Outrageous Federal Court Decision Appealed to U.S. Supreme Court
Washington, D.C.—A case now being considered for review by the U.S. Supreme Court may decide whether the government can stop you from earning an honest living for no reason other than to protect existing businesses from competition. One federal court recently declared that justification enough to impose government regulation.
The case involves an Oklahoma casket cartel, which is being challenged by the Washington, D.C.-based Institute for Justice and two entrepreneurs. The 10th U.S. Circuit Court of Appeals has essentially told state and local legislators “anything goes,” including laws passed for no reason but naked economic protectionism. The judges in the case blithely observed, “[W]hile baseball may be the national pastime of the citizenry, dishing out special economic benefits to certain in-state industries remains the favored pastime of state and local governments.” Unless the U.S. Supreme Court takes up the appeal, it may soon be open season on entrepreneurs.
“It makes you wonder what country these judges are living in,” said Clark Neily, a senior attorney with the Institute for Justice, which represents entrepreneurs who fight over-regulation. “Apparently, it isn’t the Land of Opportunity. This decision and whether it is allowed to stand go to the heart of who we are as a nation.”

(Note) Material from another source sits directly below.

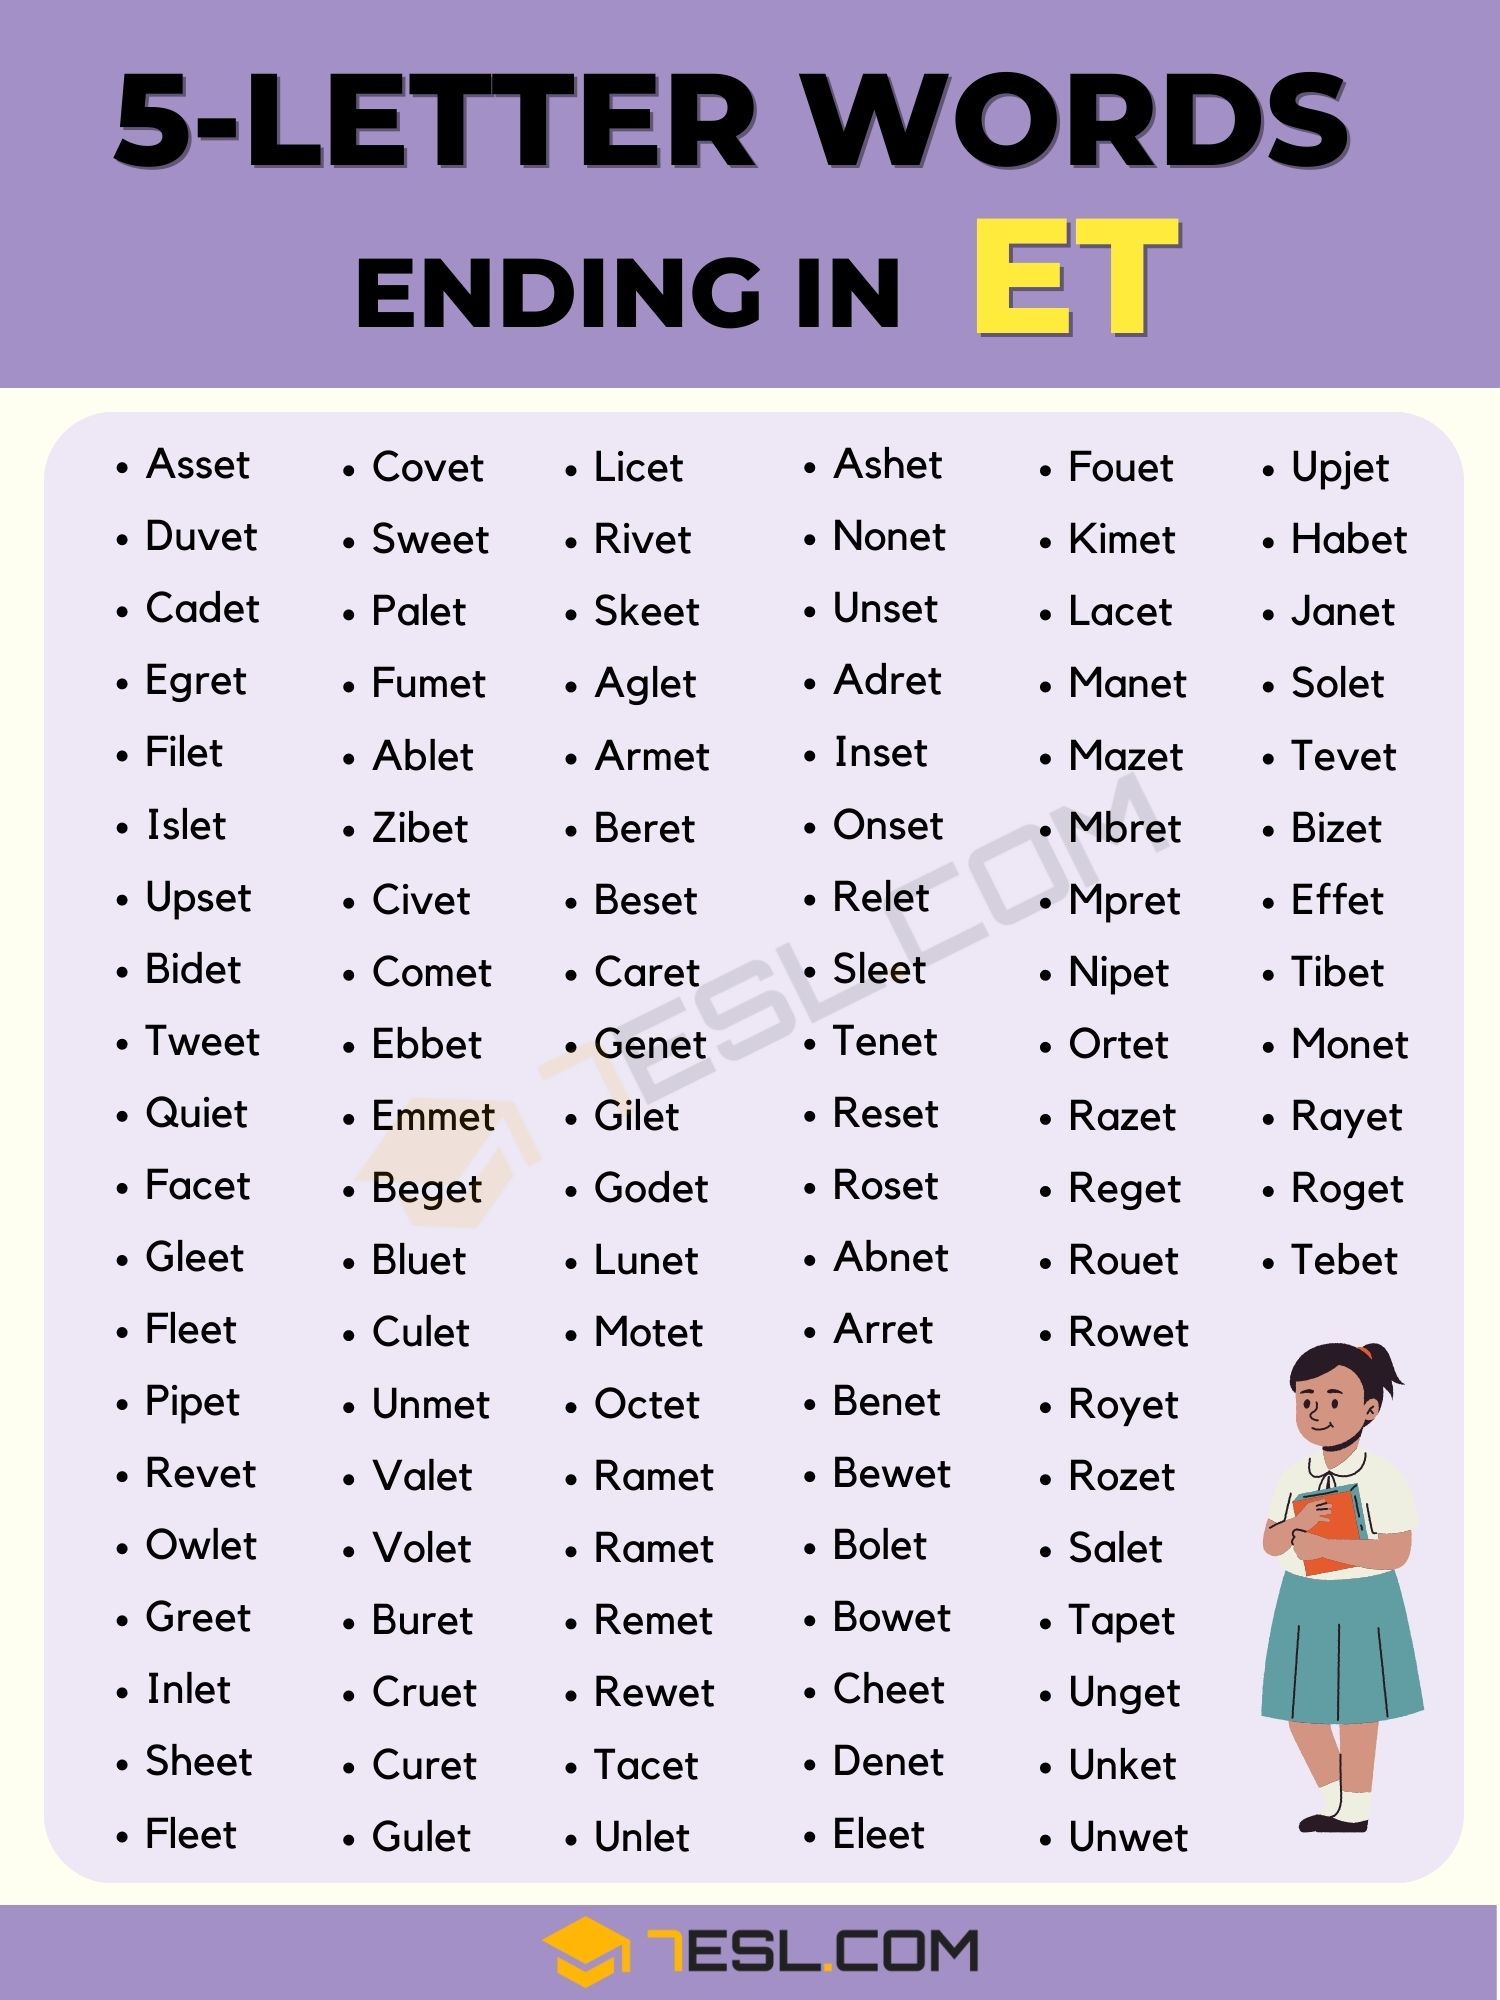 five letter word ending in e t

Once upon a time, courts required that regulations be connected in some way to what they set out to achieve, and these laws had to bear some real or substantial relation to a genuine public concern. But no longer.
Thousands of laws—enacted on the pretext of protecting the public’s health and safety—are in fact created for special interests to keep out potential competitors. Nearly 10 percent of occupations nationwide require government licensure. Oklahoma, for example, requires anyone selling a casket to become a State-licensed funeral director even though casket retailers do not handle dead bodies or arrange funeral service, but instead merely sell what one federal court aptly described as “a glorified box.” Obtaining an Oklahoma funeral director’s license requires at least two years of full-time college course work, a one-year apprenticeship that requires the embalming of 25 bodies, and two exams. This government-created good-old-boy network effectively bans would-be entrepreneurs Kim Powers and Dennis Bridges, who are represented by the Institute, from selling caskets in Powers’ home state of Oklahoma, even though they may sell caskets in other states through their Internet company— www.memorialconceptsonline.com.
“This makes as much sense as requiring the guy who carves the tombstone to go through this kind of training,” Neily said. “Before this decision, courts at least gave lip service to the notion that government-imposed restrictions on the right to earn a living had to have some rational basis, meaning there had to be a genuine connection between the law and some legitimate public concern. But now, even that fig leaf of cover—minimal though it was—is gone.”
“The 10th Circuit gave a judicial green light to unlimited backroom deals and cronyism by legislators,” said Chip Mellor, president of the Institute for Justice. “With our U.S. Supreme Court appeal of the Oklahoma casket case, IJ seeks to once and for all put a nail in the coffin of government-imposed good-old-boy networks.”
Rather than fulfilling its constitutional role as a check on such arbitrary legislative abuses, the 10th Circuit of Appeals ruled that state and local governments may concoct virtually any scheme they want to help their friends—the court will not interfere. The Oklahoma Attorney General’s office announced it would not file an opposition to IJ’s High Court cert petition.
“All this law does is exploit consumers and protect funeral directors from competition,” said Neily. “Like so many other occupational licensing schemes, this has the look and feel of a racket. It is high time the courts stop approving this kind of naked economic protectionism through their own inaction.”